Problem description:
Below this sentence is a listing; return exactly its lines from the one with "Graciosas tarjetas de" to the one with "Samsung 22 Cu.", both kept, and nothing more.

Material provided:
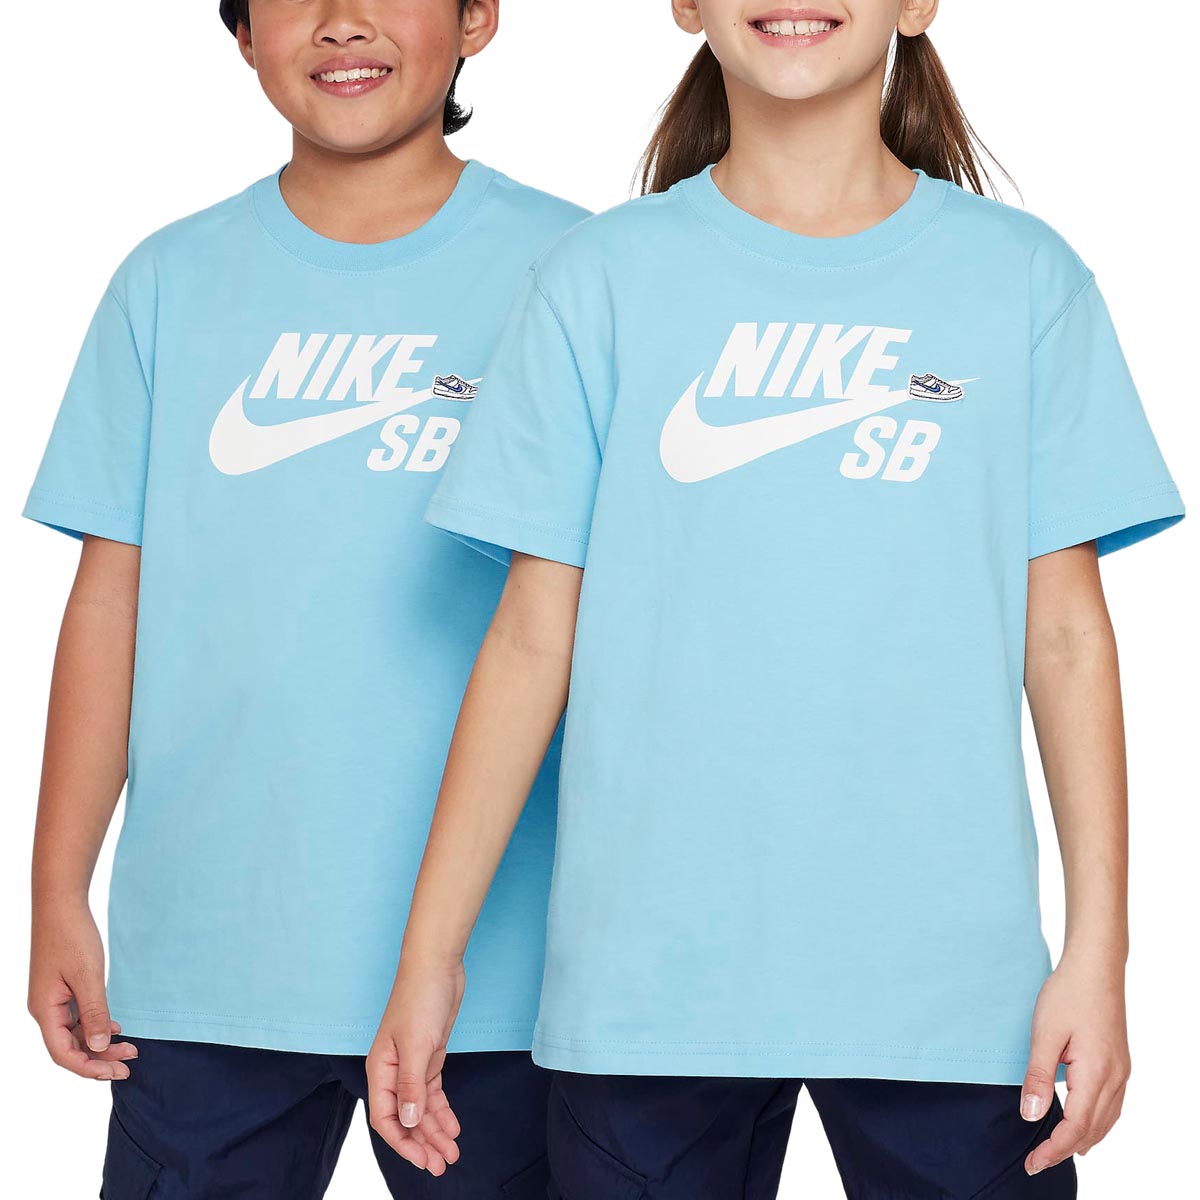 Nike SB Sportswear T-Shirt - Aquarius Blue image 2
---
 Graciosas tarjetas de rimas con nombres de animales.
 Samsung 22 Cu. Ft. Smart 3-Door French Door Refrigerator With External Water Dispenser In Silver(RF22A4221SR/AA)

Result of this task:
 Graciosas tarjetas de rimas con nombres de animales.
 Samsung 22 Cu. Ft. Smart 3-Door French Door Refrigerator With External Water Dispenser In Silver(RF22A4221SR/AA)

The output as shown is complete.